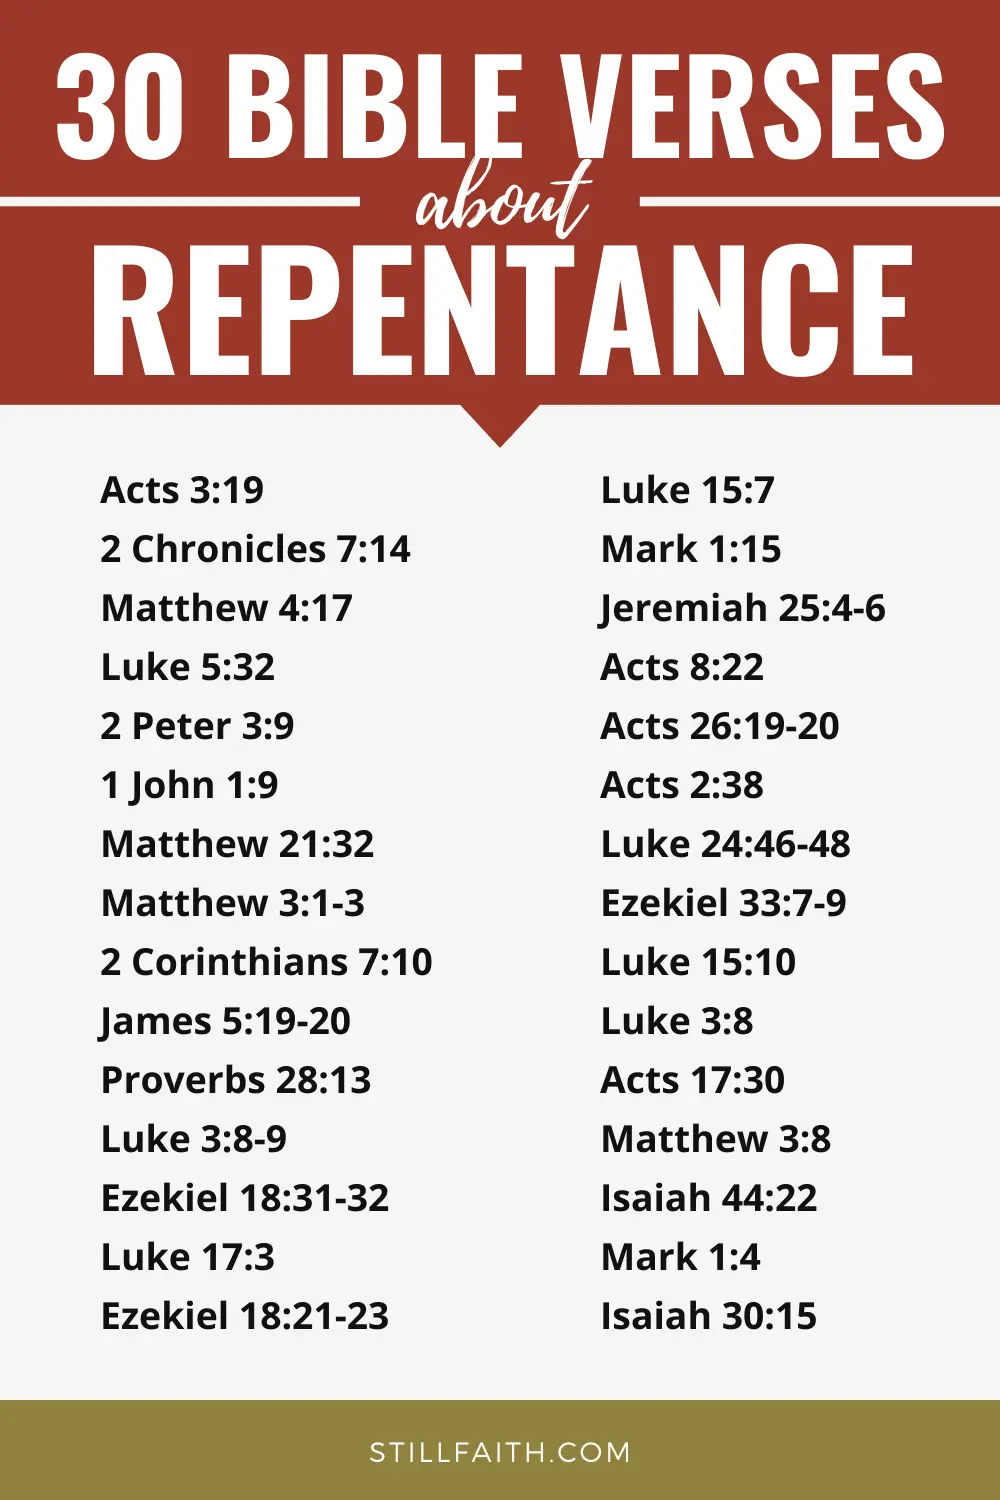 Bible Verses about Repentance
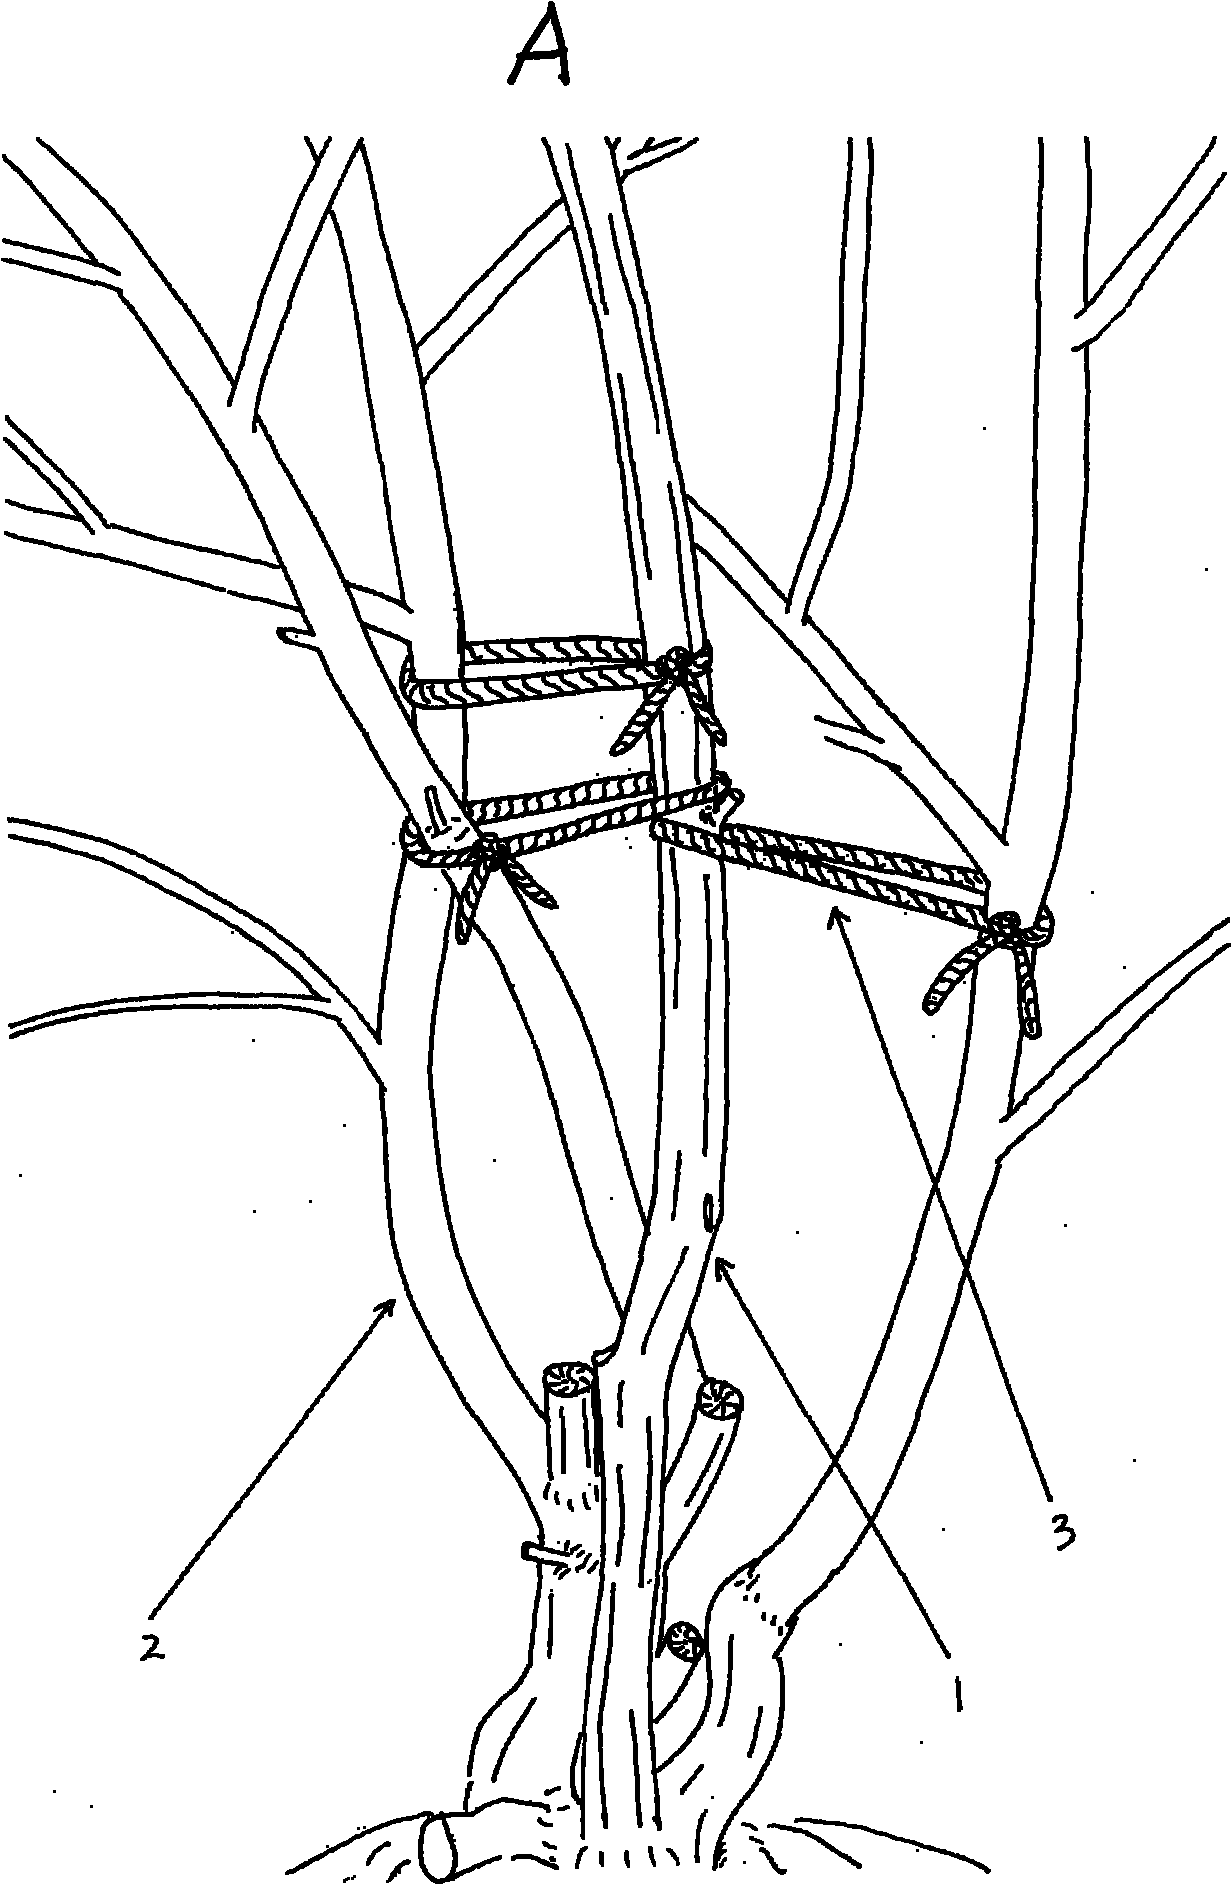 Method for retaining trunk and molding green date tree
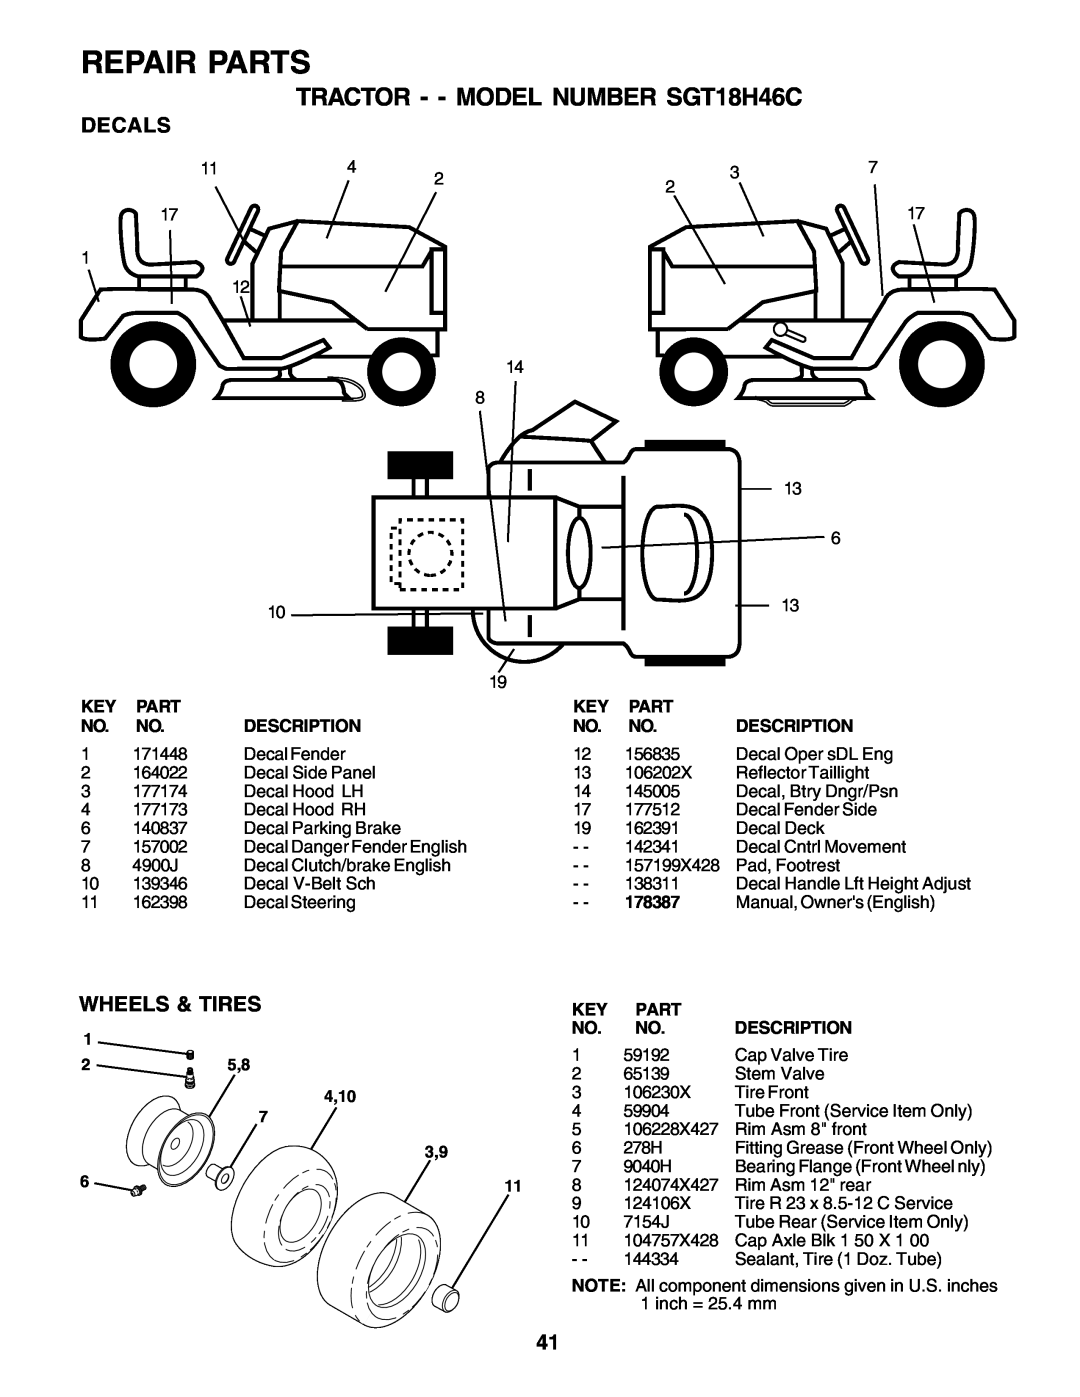 Weed Eater 178387 owner manual Repair Parts, TRACTOR - - MODEL NUMBER SGT18H46C, Decals, Wheels & Tires, 4,10 
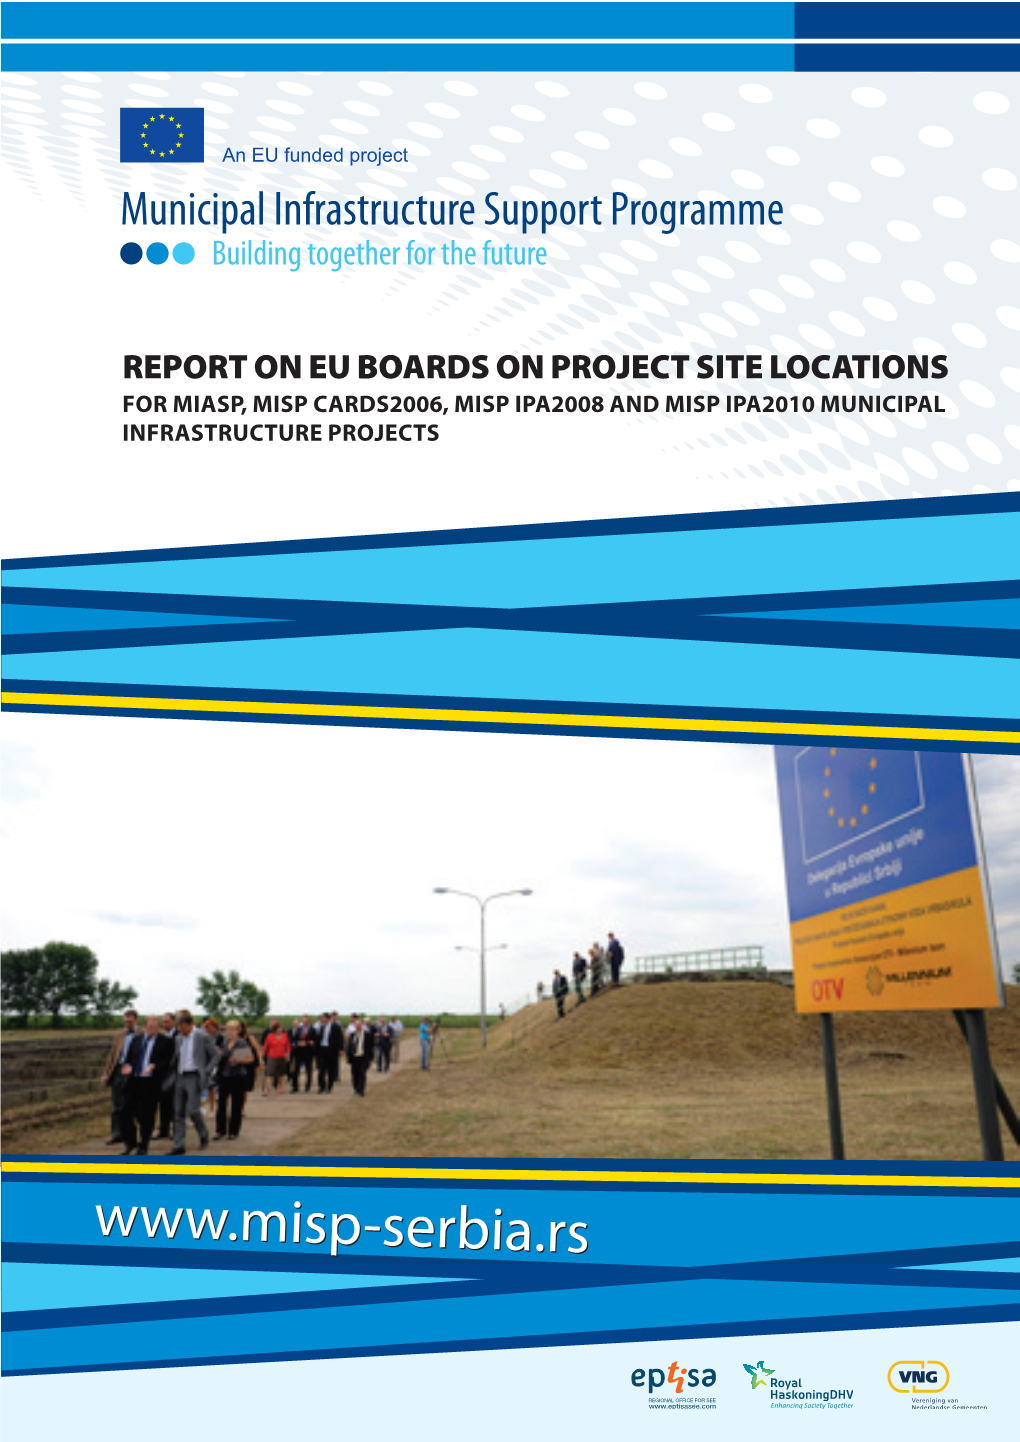 Report on EU Boards on Project Site Locations for MIASP, MISP CARDS2006, MISP IPA2008 and MISP IPA2010 Municipal Infrastructure Projects
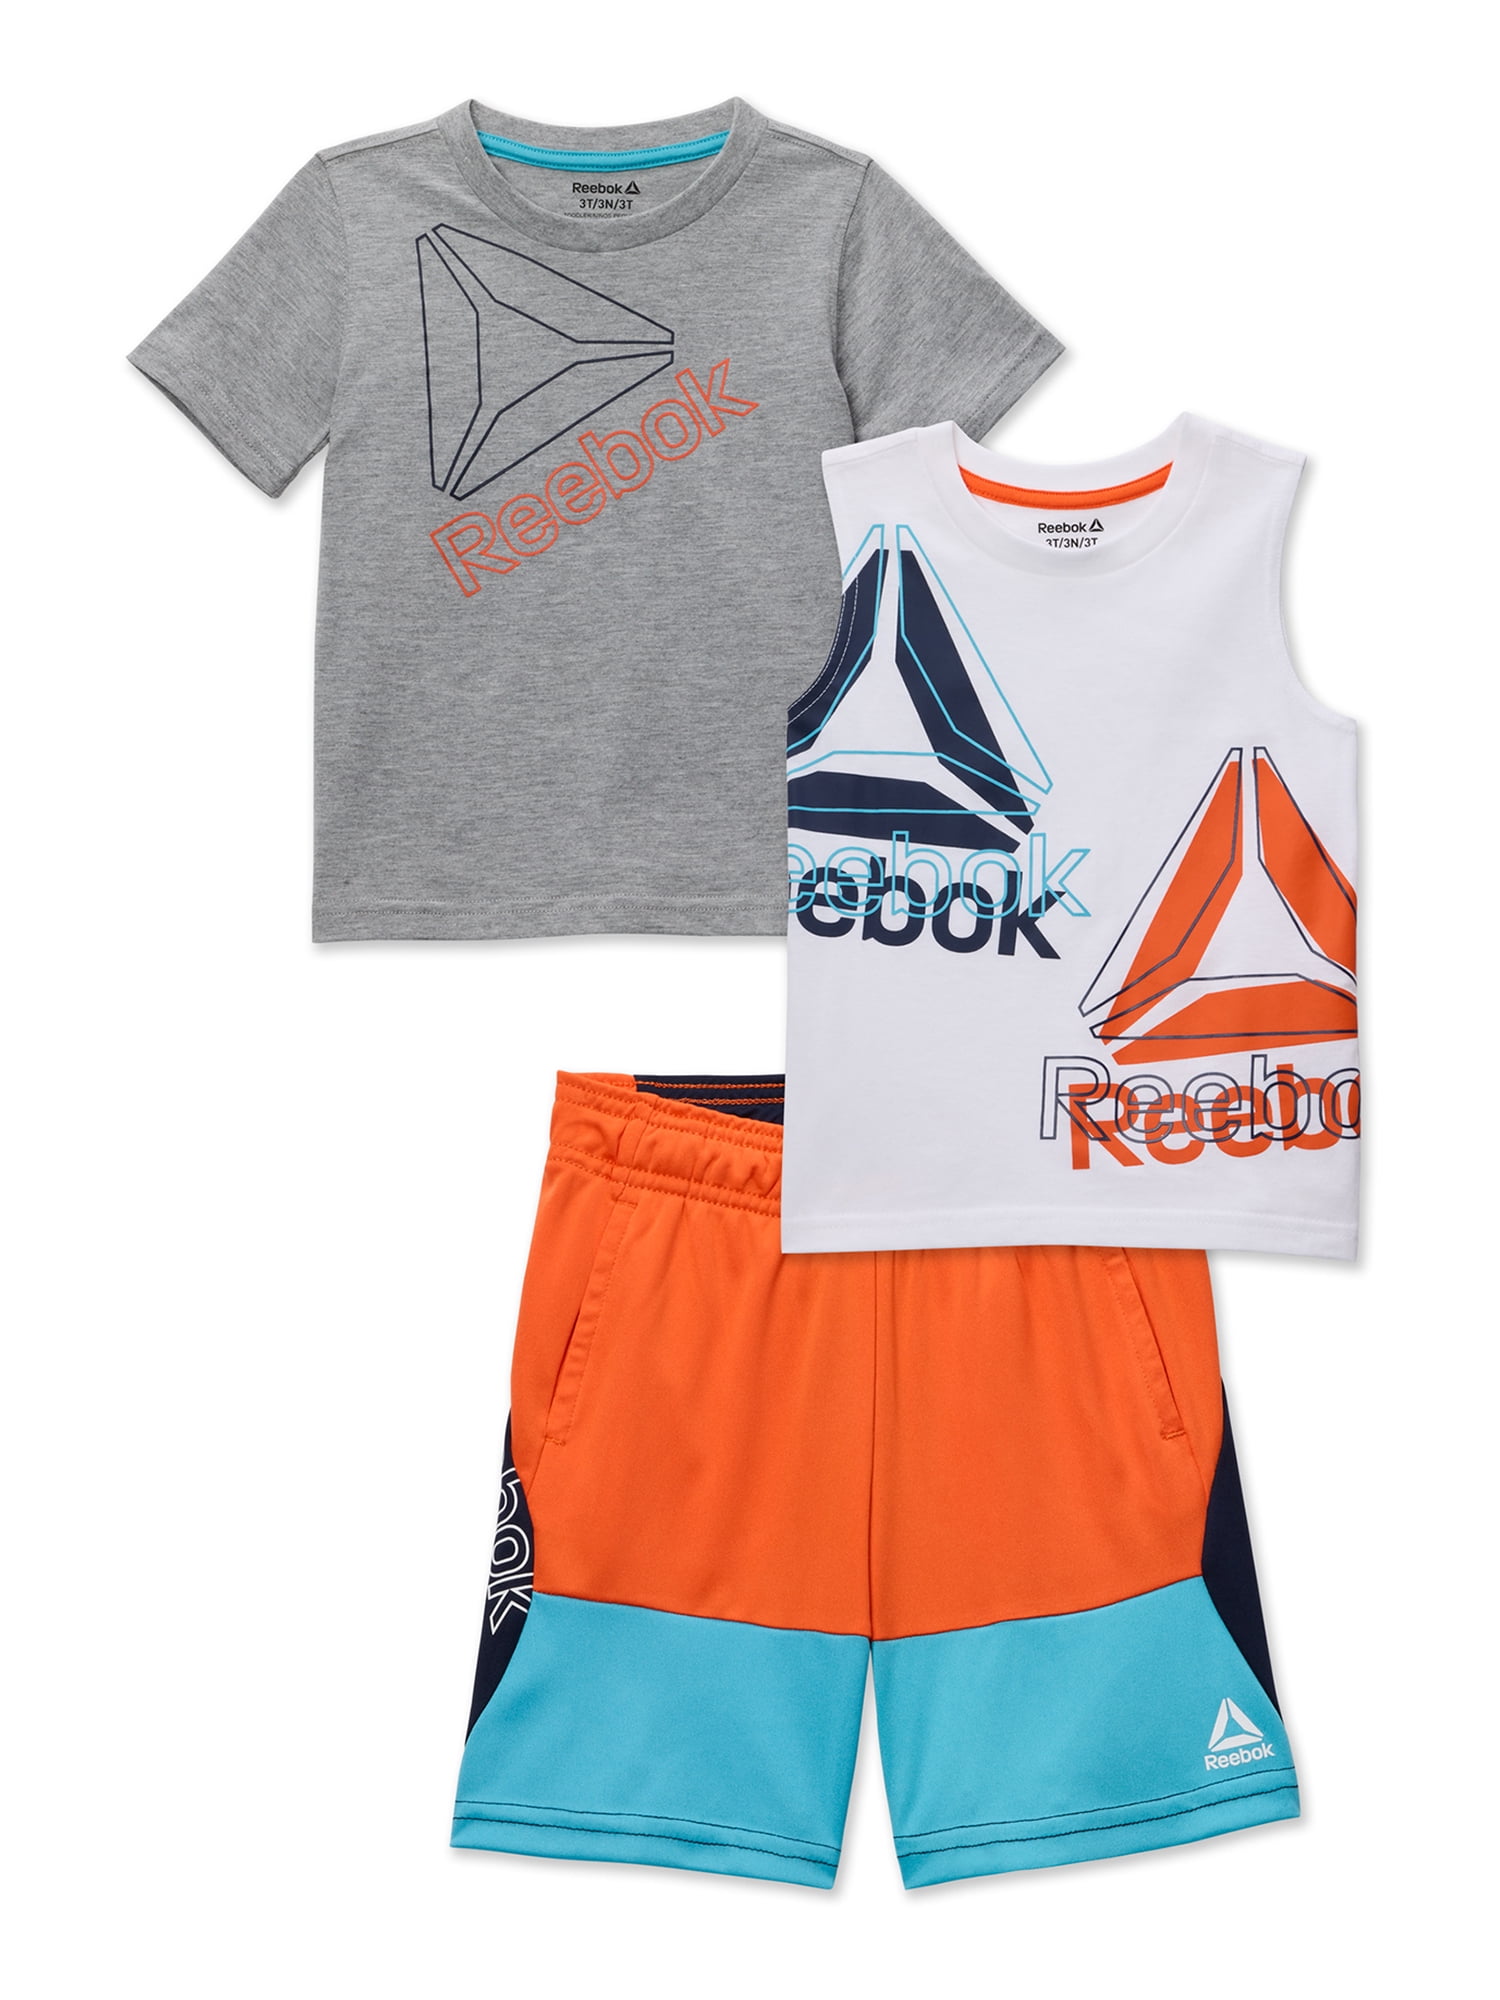 Muf Cilia kleermaker Reebok Baby and Toddler Boy T-Shirt, Muscle Tank, and Shorts Outfit Set,  3-Piece, Sizes 12M-5T - Walmart.com
• • • •
◆ REQUIRED ACTION
As you output the material, omit the pictures but alter nothing else.

◆ OUTPUT BELOW
 Bible Verses about Repentance
 Method for retaining trunk and molding green date tree
 Weed Eater 178387 owner manual Repair Parts, TRACTOR - - MODEL NUMBER SGT18H46C, Decals, Wheels & Tires, 4,10 
 Report on EU Boards on Project Site Locations for MIASP, MISP CARDS2006, MISP IPA2008 and MISP IPA2010 Municipal Infrastructure Projects
 Muf Cilia kleermaker Reebok Baby and Toddler Boy T-Shirt, Muscle Tank, and Shorts Outfit Set,  3-Piece, Sizes 12M-5T - Walmart.com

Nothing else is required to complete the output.